Access to information, data security and confidentiality
91. Auditors have wide-ranging enforceable rights of access to documents and information in relation to the audit which are set out in s22 and s23 of the Act. Such rights apply not only to documents and information held by the audited body and its directors and staff, including documents held in electronic form, but also to the audited body’s partners and contractors, whether in the public, private or third sectors. Auditors may also require a person holding or accountable for any relevant document to give them such information and explanation as they consider necessary.

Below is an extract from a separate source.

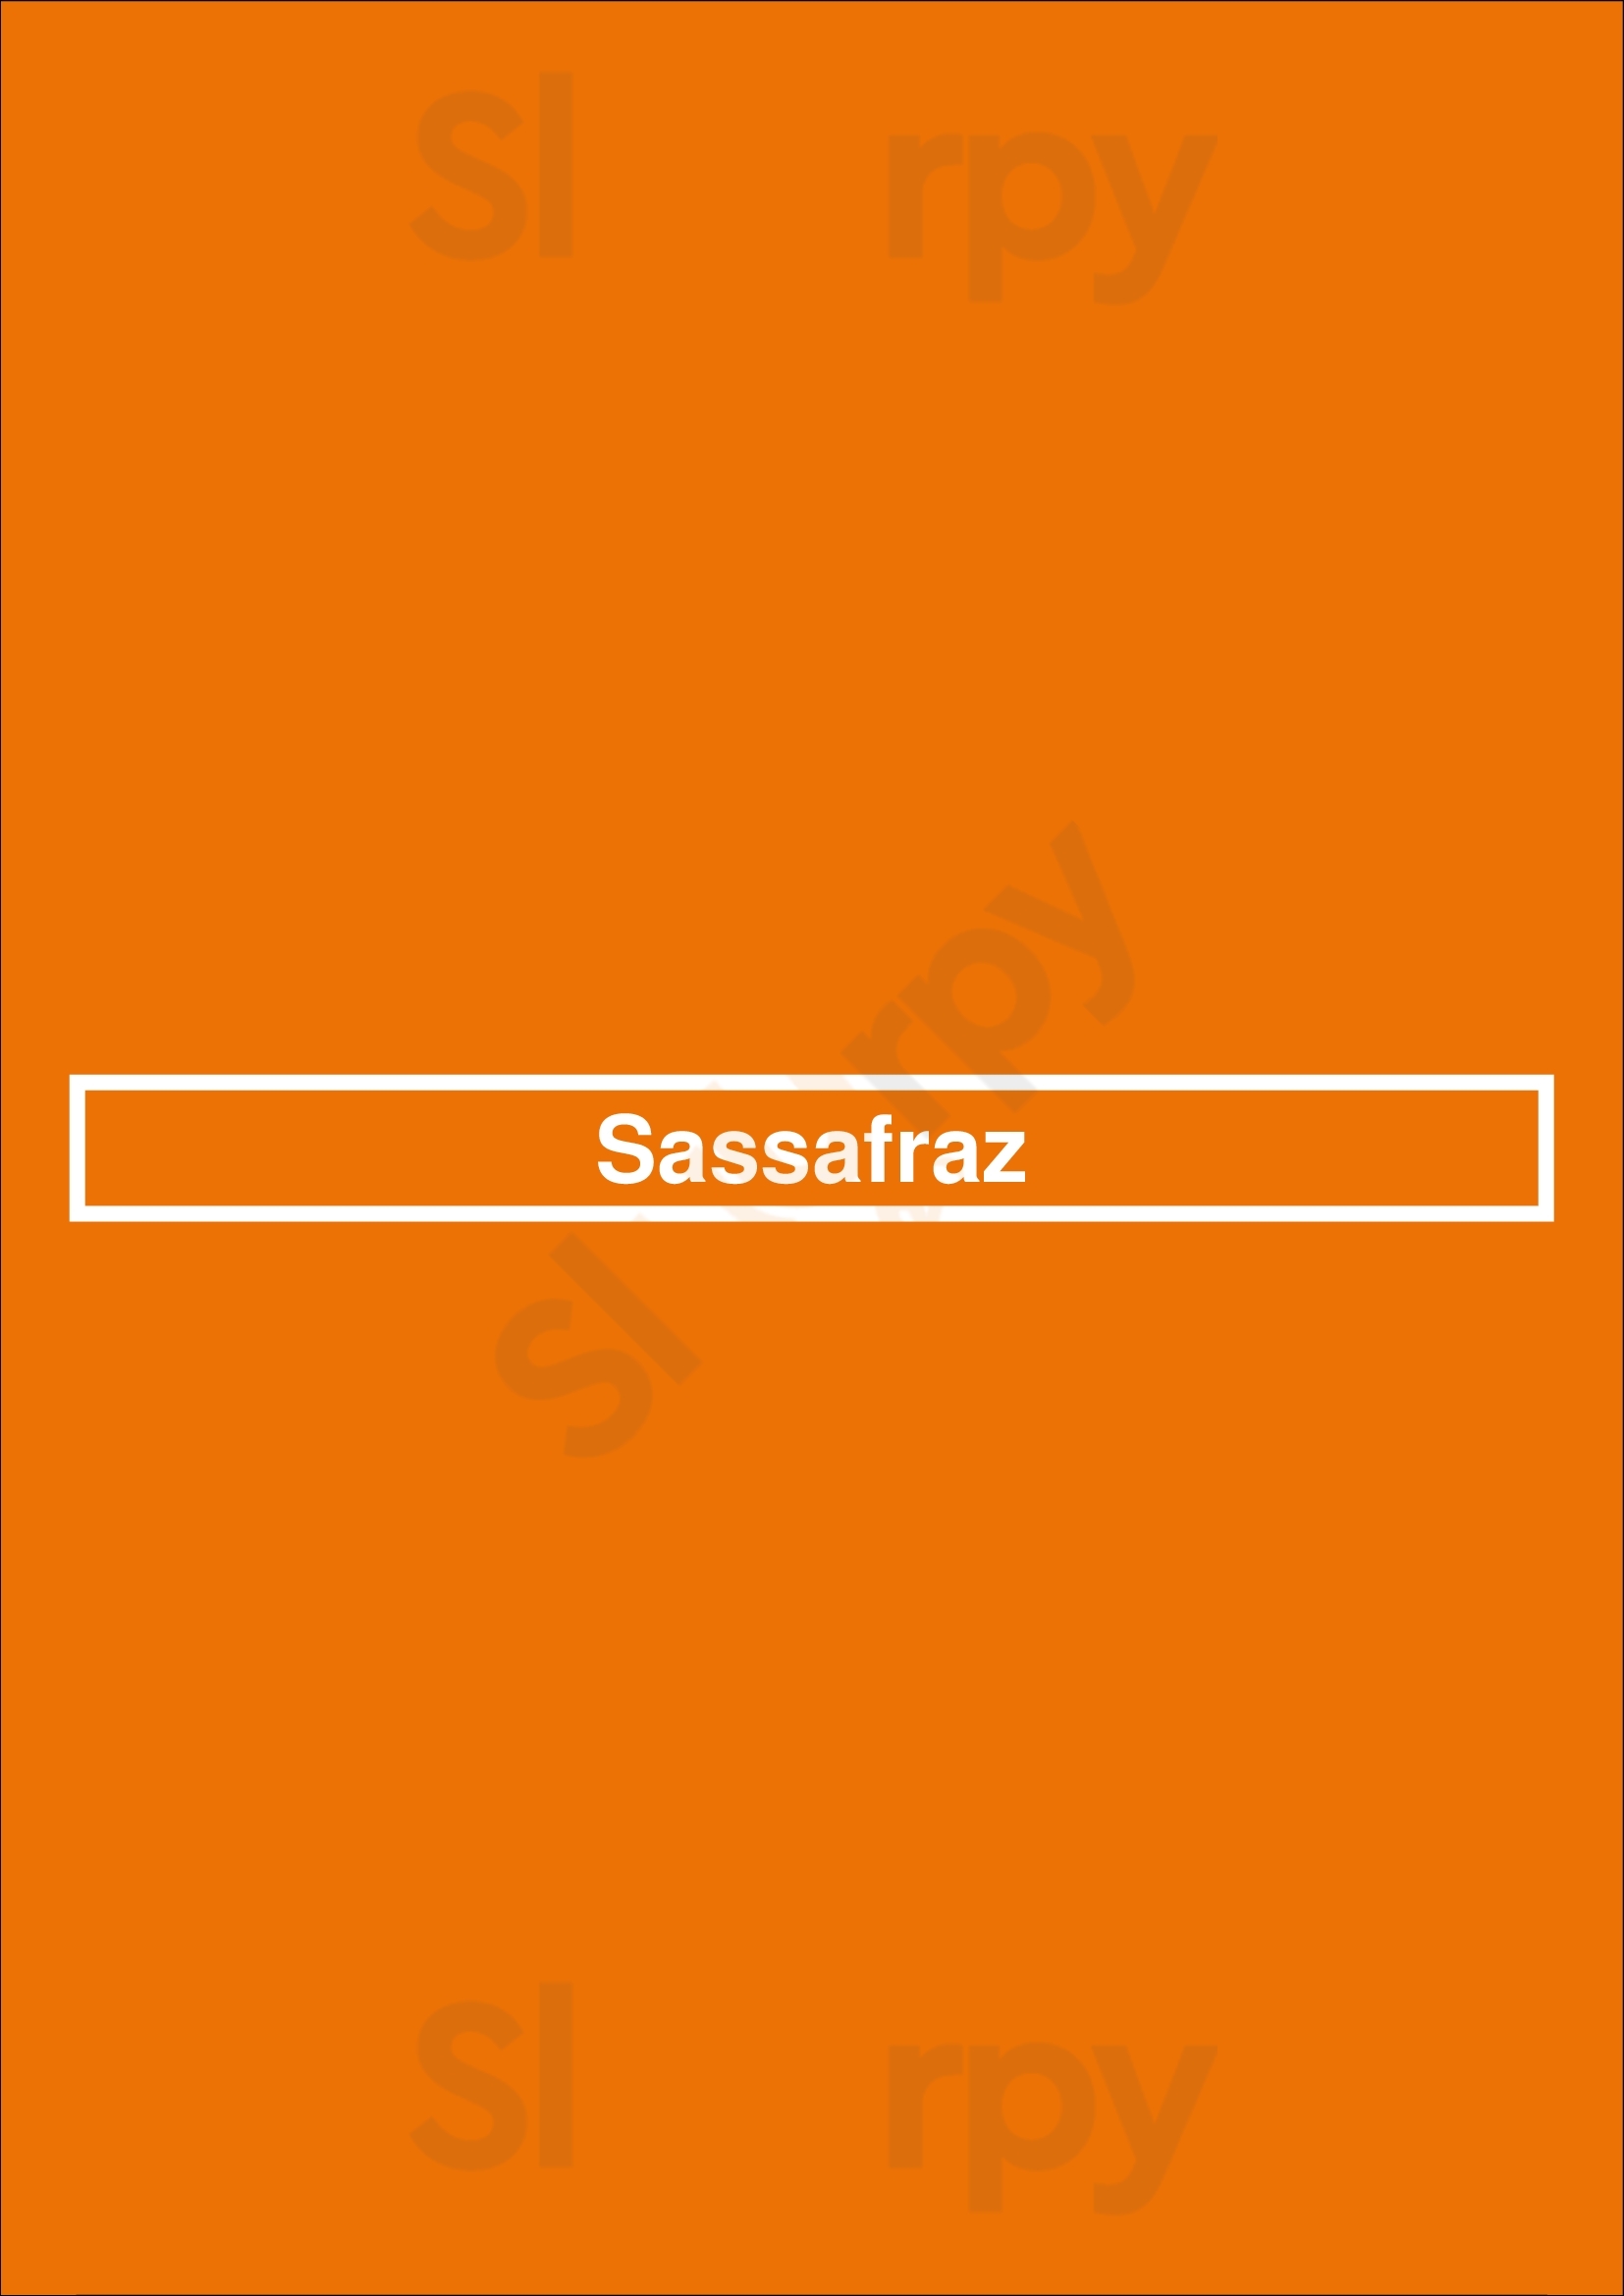 Sassafraz Toronto Menu - 1

92. There are restrictions on the disclosure of information obtained in the course of the audit, subject only to specific exemptions. The Freedom of Information Act 2000 does not apply to appointed auditors, as they have not been designated as public authorities for the purposes of that legislation, although they are subject to the Environmental Information Regulations 2004. Audited bodies wishing to disclose information obtained from an auditor, which is subject to a statutory restriction on its disclosure, must consider Schedule 11 of the Act and seek the auditor’s consent to that disclosure.
93. Auditors should protect the integrity of data relating to audited bodies and individuals either received or obtained during the audit. They should ensure that data are held securely and that all reasonable steps are taken to ensure compliance with statutory and other requirements relating to the collection, holding and disclosure of information.
94. Auditors may need to process personal data about individuals associated with the authority (such as clients, staff, trustees and others), which could include the following: personal identification and contact details, employment related information or financial data. The auditor holds Personal Data as Data Controller.